CS425 MP1
Name
This repository contains the code for running a distributed log querier. It is predominantly written in go, with some testing scripts written in python.
Description
With this project, given a cluster of machines in a distributed cluster, you will be able to run a distributed grep command that greps all the individual machines and written a consolidated output efficiently.
Installation
Refer to setup.sh to install libraries needed to run this repo. Preqrequisites are
- protobuf-compiler
- protoc-gen-go@v1.28
- protoc-gen-go-grpc@v1.2
The setup.sh, when run from an appropriate location, will install required libraries and clone the repo from each of the VMs
Usage
To generate code from gRPC protobufs. Note : This has to be run before any client/servers are started.
./generate_protobuf.sh
#FAQ - If you hit issues here you can try to export GO_PATH in PATH using 'export PATH="$PATH:$(go env GOPATH)/bin'
To run the workers/server processes from the root of the repo
go run worker/worker_server.go
To run the coordinator process from the root of the repo
go run coordinator/coordinator.go
Different query options supported on distributed grep client
go run client/client.go c '<pattern_to_search>' '<files_to_search>'
Here c is a grep option to return no. of matches
go run client/client.go Ec '<regex_to_search>' '<files_to_search>'
Here E is a grep option to run grep on regular expressions
Test Client
You can run integration tests that test a variety of scenarios. We test the following currently : TestDistributedGrepInfrequentWord() TestDistributedGrepFrequentWord() TestDistributedGrepRegex() TestDistributedGrepNonExistentWord() TestDistributedGrepKillRandomWorker() To run the test client you can run the following commands.
cd tests
python3 integration_test.py
Additionally, to just generate test logs, we have a test_client that you can use. The test script integration_test.py uses these scripts internally to create and delete logs for every test run, so these need not be run explicitly. To create test logs , from the root of the repo run
go run test_client/test_client.go create
To delete the test logs
go run test_client/test_client.go delete
CS 425 MP2
This repository also contains the code for running a failure detector system(peer director). It is written in go.
Description
With this project, we orchestrate a p2p system of nodes that are able to detect when one of them fails.
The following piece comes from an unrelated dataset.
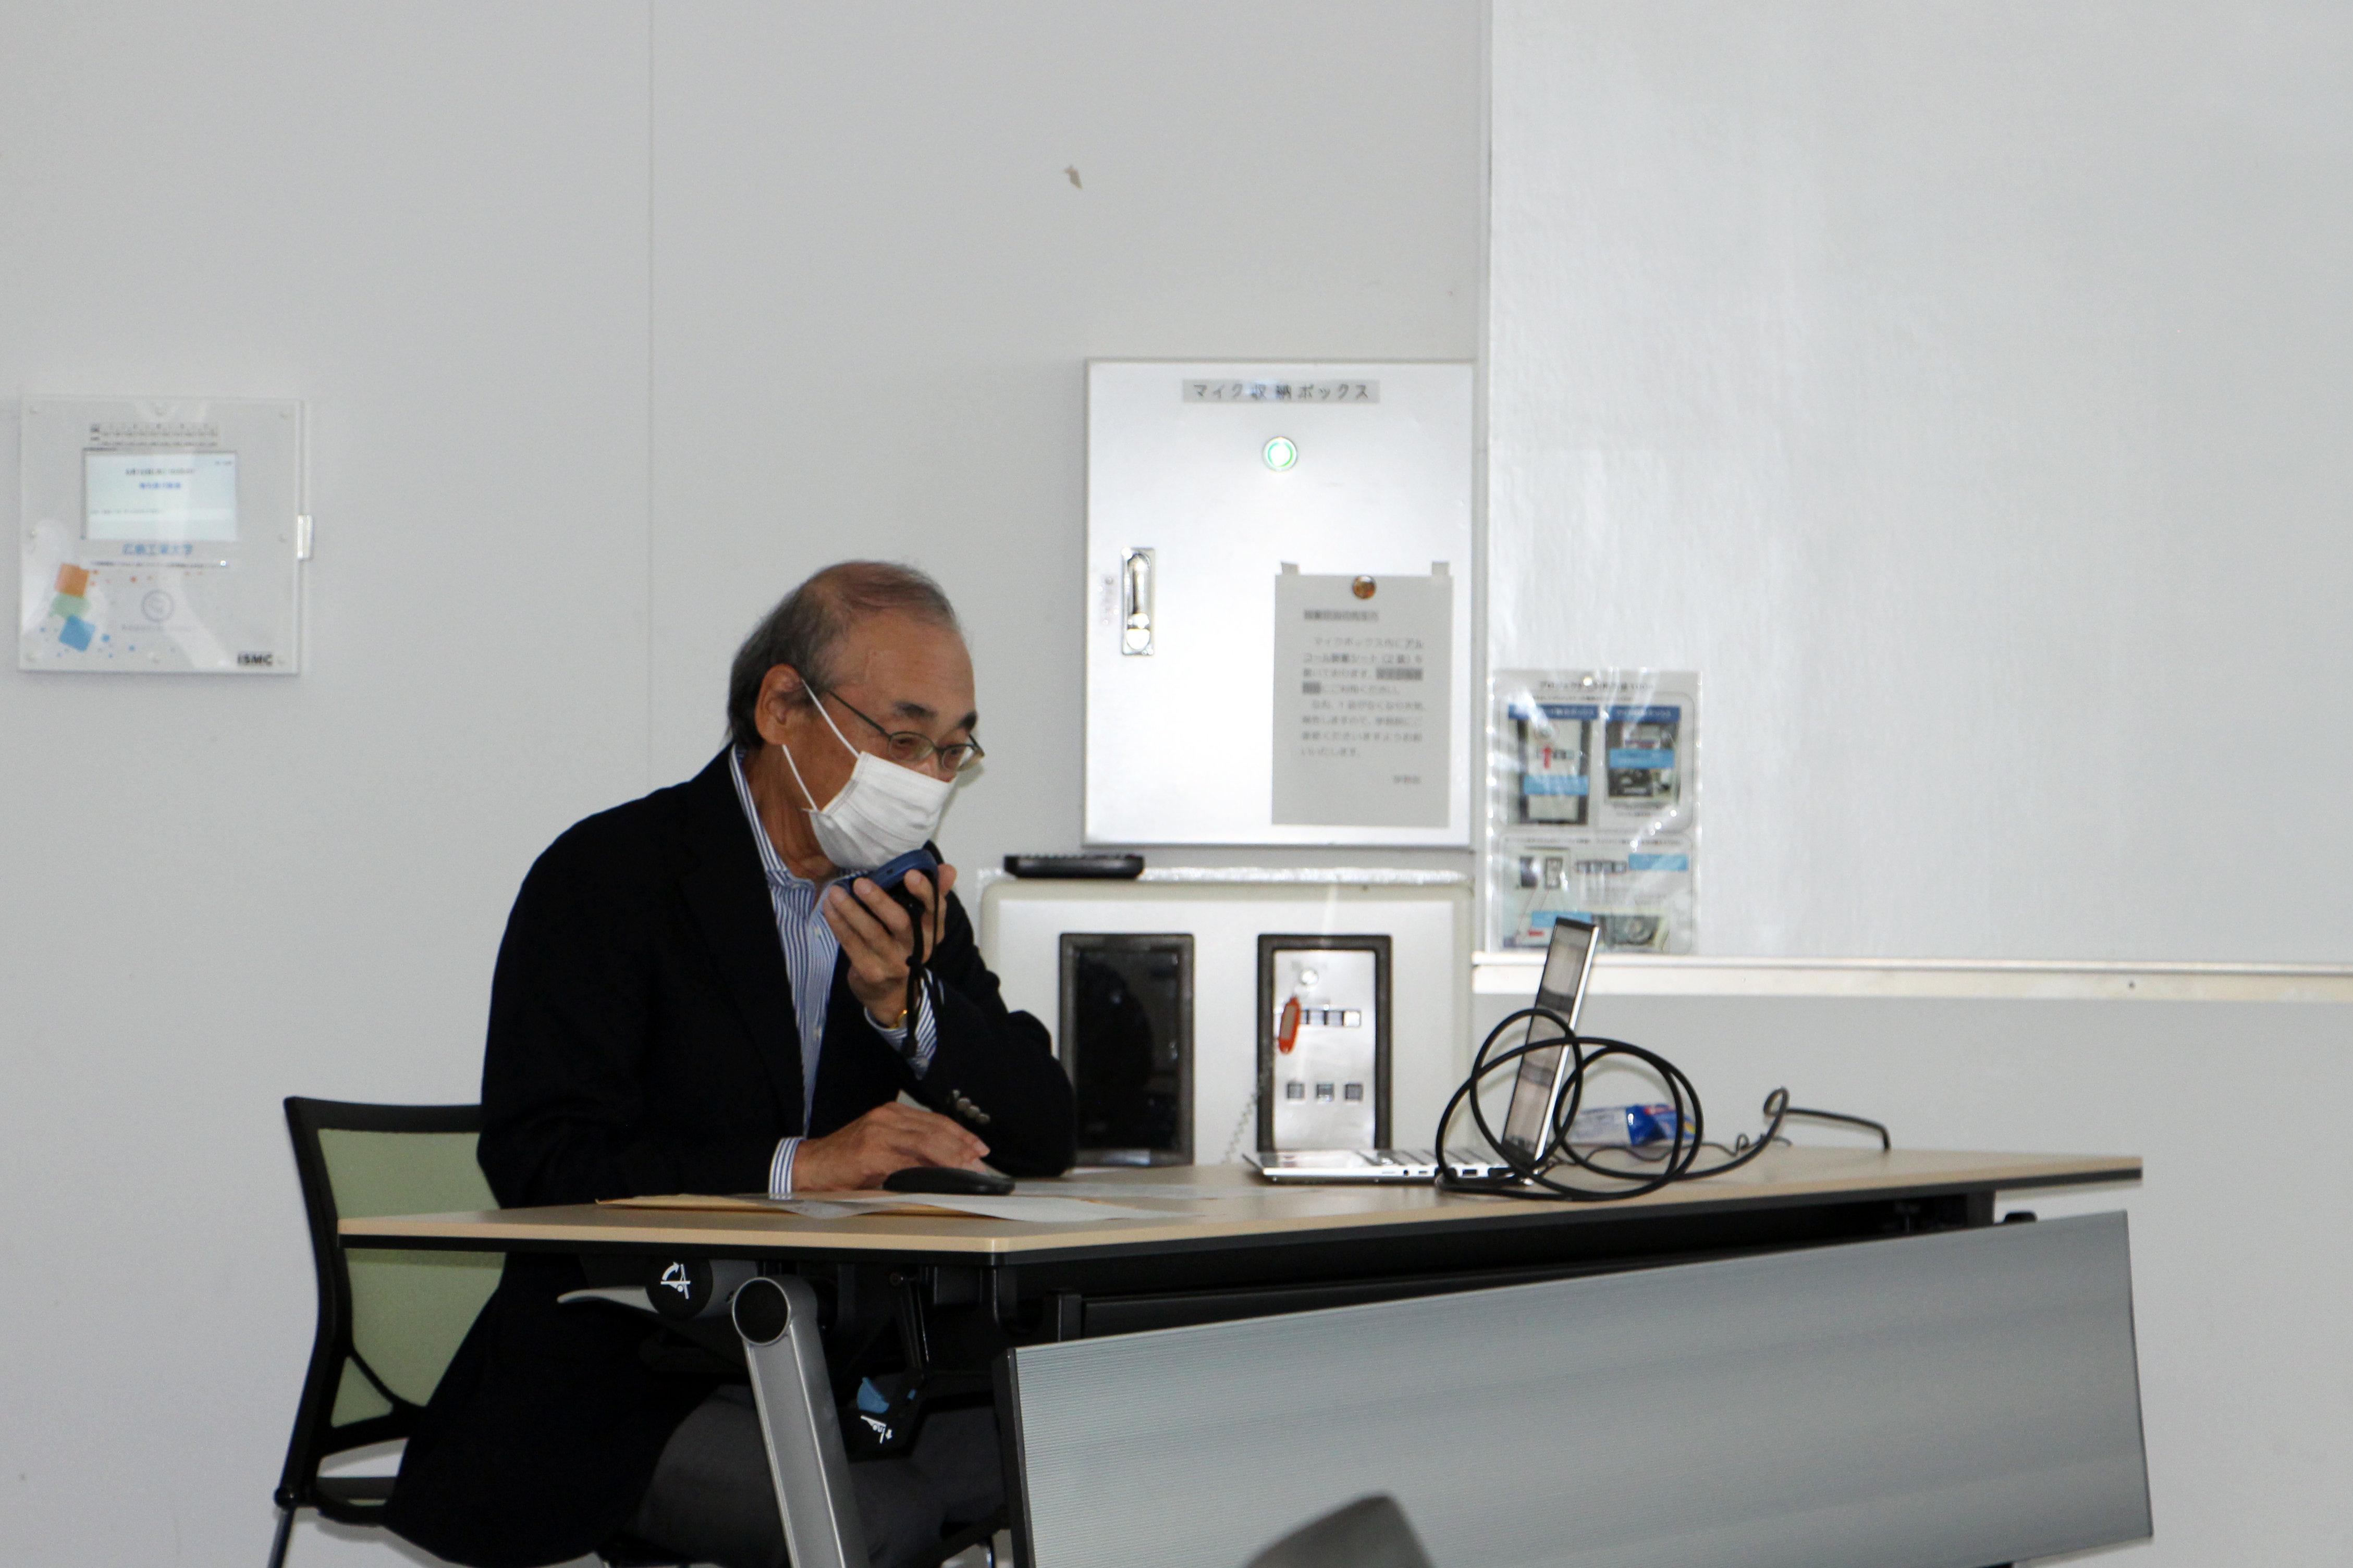 産業界や公的機関など様々な場面で活躍する「技術士」について説明される大田中国本部長

We use a SWIM style algorithm with a suspicion mechanism where each node pings its neighbours and checks if they're alive. ##Setup Hostname must be provided to the peer.go file via a file called hostname.
Usage
To start Introducer
go run peer/peer.go i
To start Peers
go run peer/peer.go
Once the process is up, we can use the cli following cli:
- join : to join the system
- leave : to leave the system
- list_mem : to display membership list
- list_self : to display node details
CS 425 MP3
This repository also contains the code for running a simple distributed file system. It is also written in go.
Description
With this project, we orchestrate a p2p system that behaves as a fault tolerant and durable distributed file system. ##Setup Hostname must be provided to the peer.go file via a file called hostname.
Usage
To start the Introducer SDFS Process
go run main.go i
To start all other SDFS Processes
go run main.go
Once the process is up, we can use the cli following cli:
- join : to join the system
- leave : to leave the system
- list_mem : to display membership list
- list_self : to display node details
- put localfilename sdfsfilename : to put a localfile into the sdfs
- get sdfsfilename localfilename : to get a file from the sdfs into the local file system
- delete sdfsfilename : to delete a file from the sdfs
- ls filename : to display all the nodes containing the file in the sdfs
- store : to display all the files in the current node in the sdfs
- get-versions num-versions sdfsfilename : gets maximum of historical versions of the file from the sdfs.
CS 425 MP4
This repository also contains the code for running a distributed learning cluster. It is also written in go. It runs the ML model building and inferencing on python hosted on flask-gunicorn.
Description
With this project, we build a fair time inferencing scheduler that builds and runs inferencing on 2 ML models and ensures that the query rate of the two models are withing 20% of each other. ##Setup Hostname must be provided to the peer.go file via a file called hostname.
Usage
To start the IDunno ML Learning Cluster
go run main.go i
To start the python flask gunicorn server
venv/bin/python3/gunicorn -w 2 -b 0.0.0.0:5000 server:app --chdir models/ --log-level debug --access-logfile access.log --error-logfile error.log --daemon
Once the process is up, we can use the cli following cli:
- C1 <job_id> - current query rate of the job, measured over the last 10 seconds
- C2 <job_id> - average, percentiles, standard deviation of query rate
- C3 <job_id> <batch_size> - set batch size of a job
- C4 <job_id> - to show results of queries
- C5 <job_id> - shows the VMs assigned to a job
- runjob <job_file> <batch_num> - This executes a job from batchfile using model and batch num as hyperparameter.